About this exercise
A verbatim repeat of the lines below is required, with the pictures removed.

Information supplied
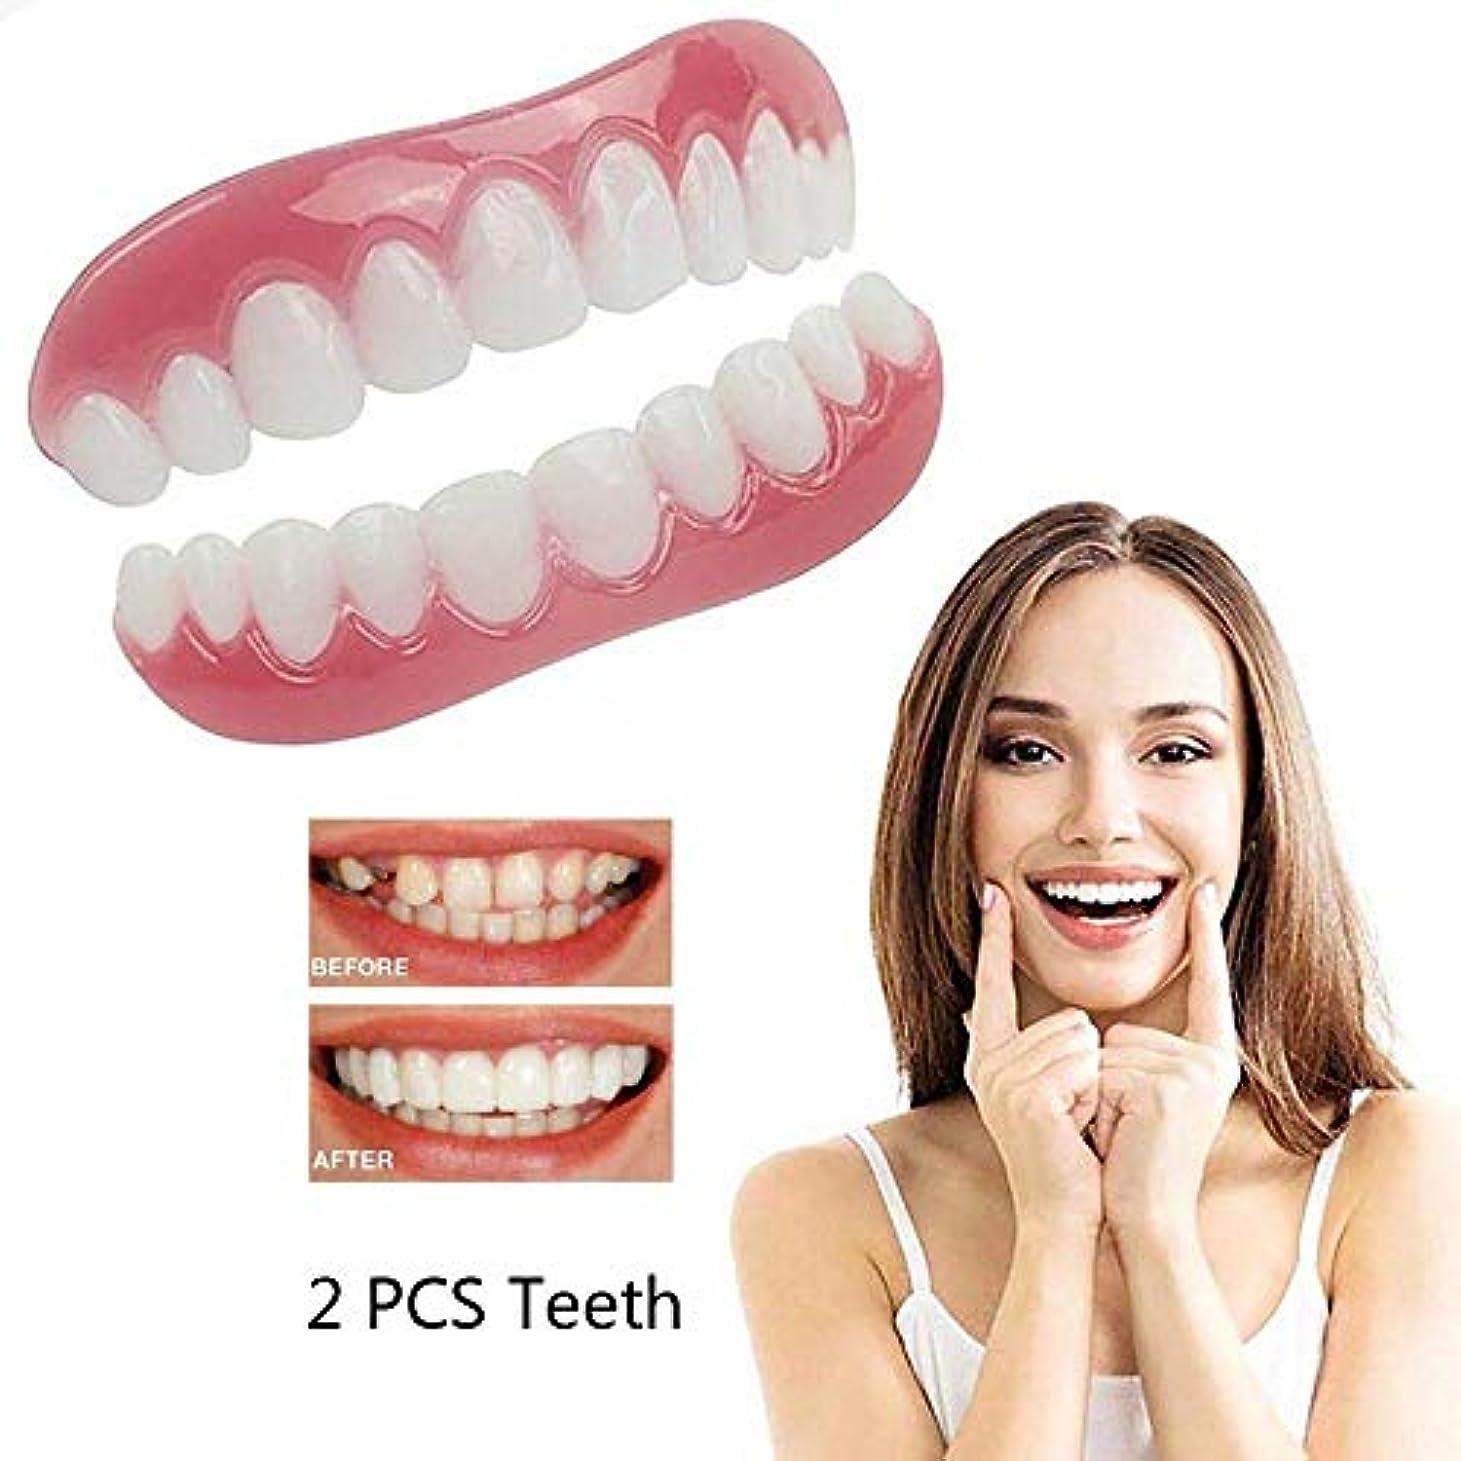 コンプライアンスヒット川化粧品の歯のホワイトニングパーフェクトフィットスナップオンスマイルトップとボトムの偽歯インスタントプロテーゼスマイルコンフォートフィットフレックスオーラルケア
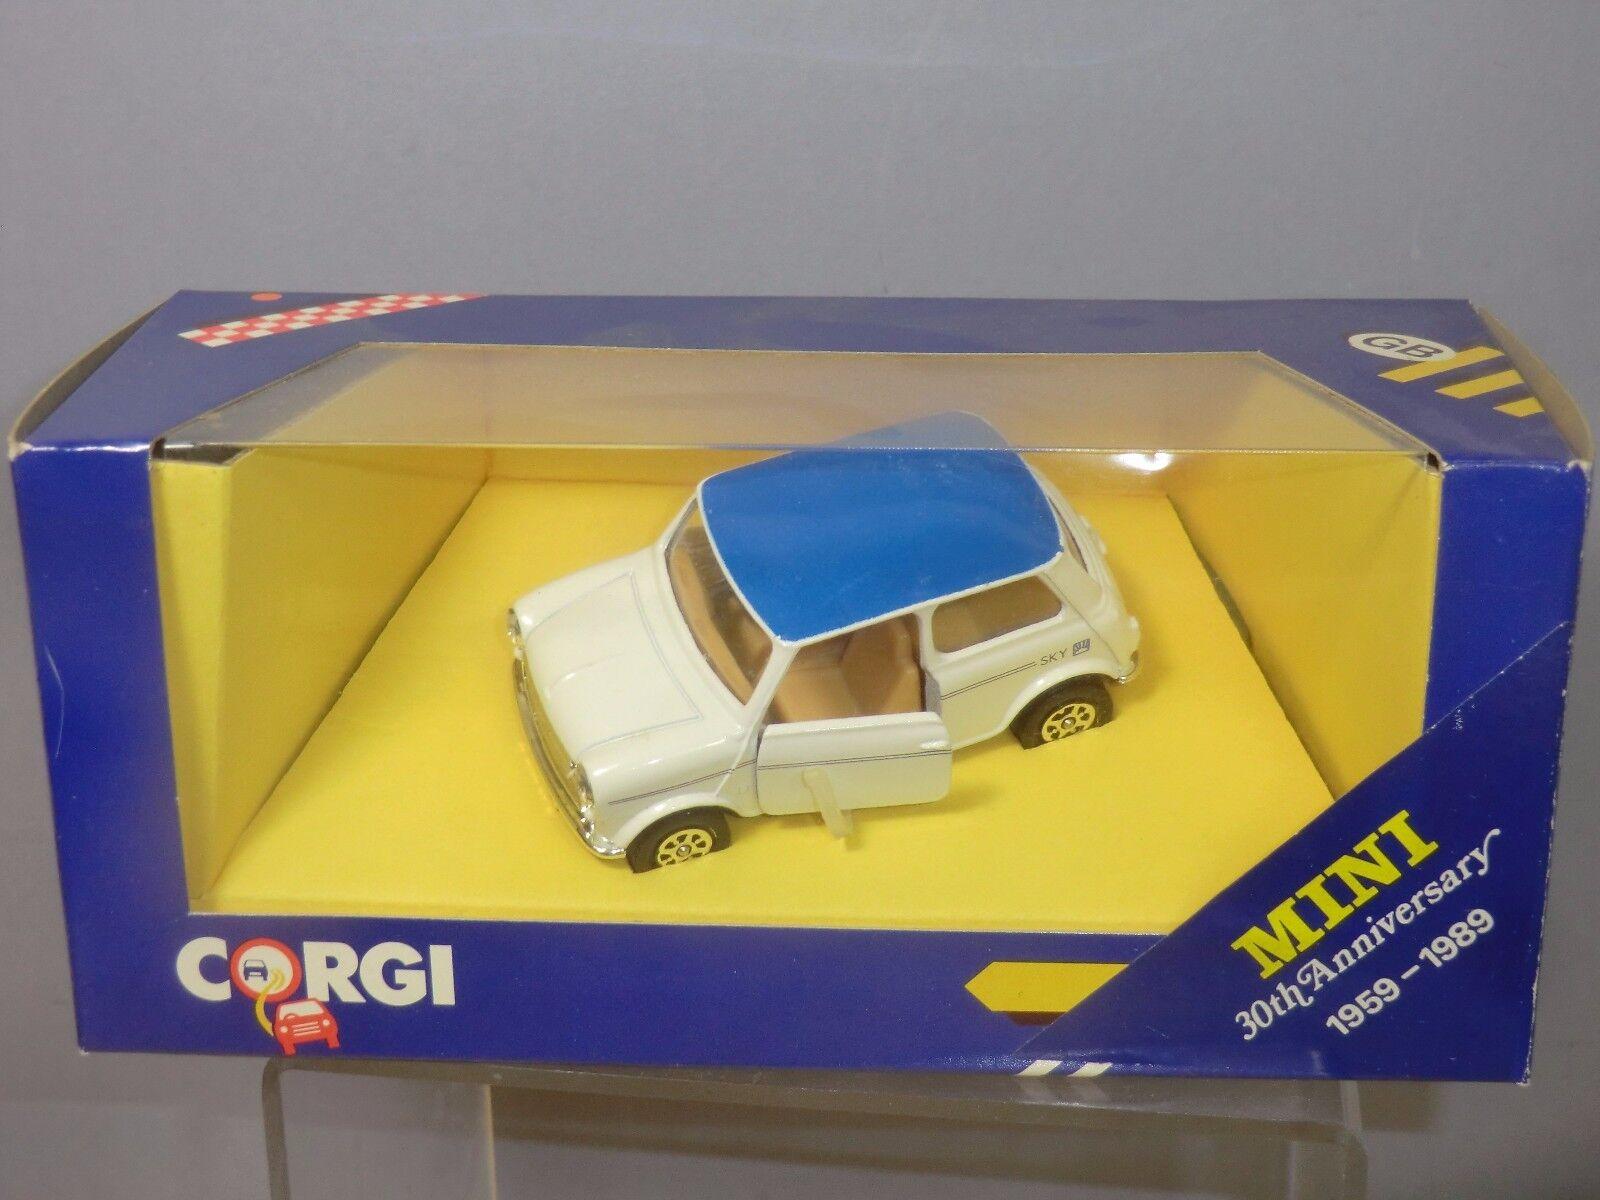 Corgi Modelo No.C330 3 Mini  30th aniversario 1959-1989 'MIB
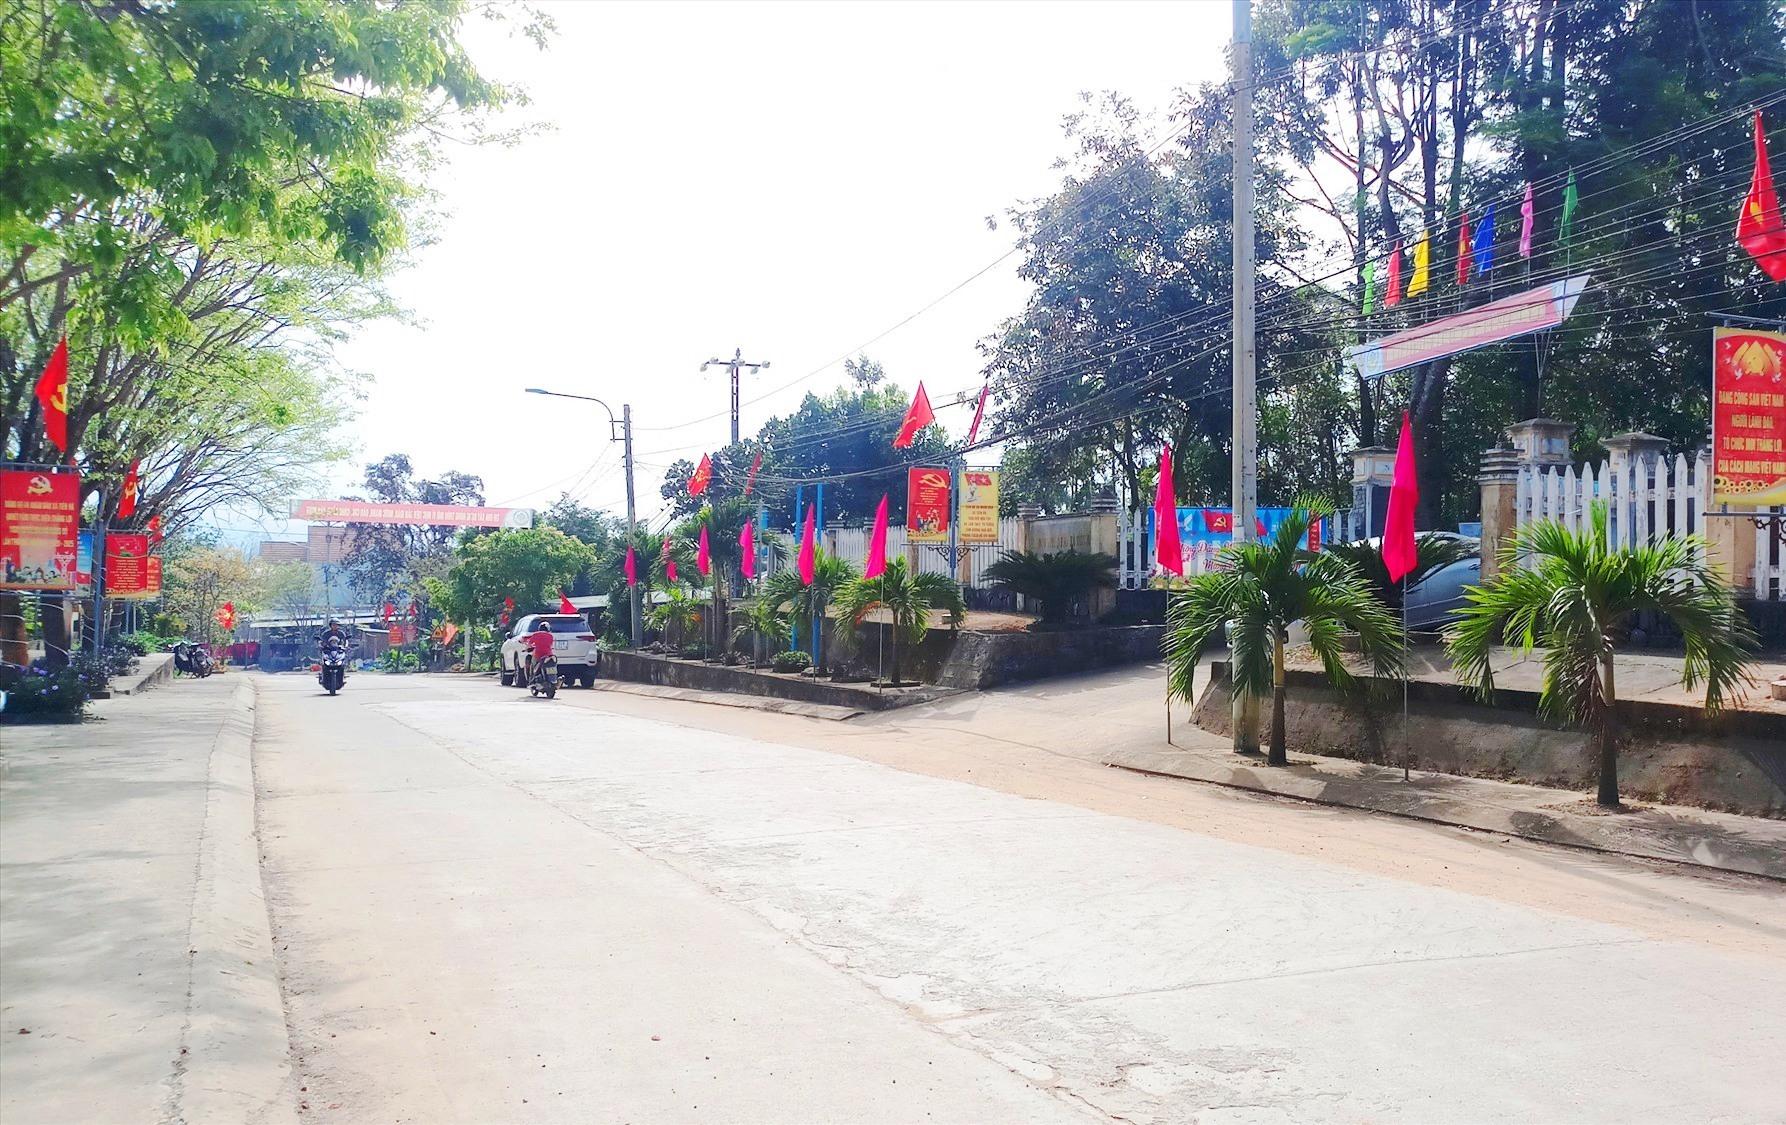 Hệ thống đường giao thông trên địa bàn xã Tiên Hà được đầu tư xây dựng khang trang, sạch đẹp.

Response to the exercise
 コンプライアンスヒット川化粧品の歯のホワイトニングパーフェクトフィットスナップオンスマイルトップとボトムの偽歯インスタントプロテーゼスマイルコンフォートフィットフレックスオーラルケア
 Corgi Modelo No.C330 3 Mini  30th aniversario 1959-1989 'MIB
 Hệ thống đường giao thông trên địa bàn xã Tiên Hà được đầu tư xây dựng khang trang, sạch đẹp.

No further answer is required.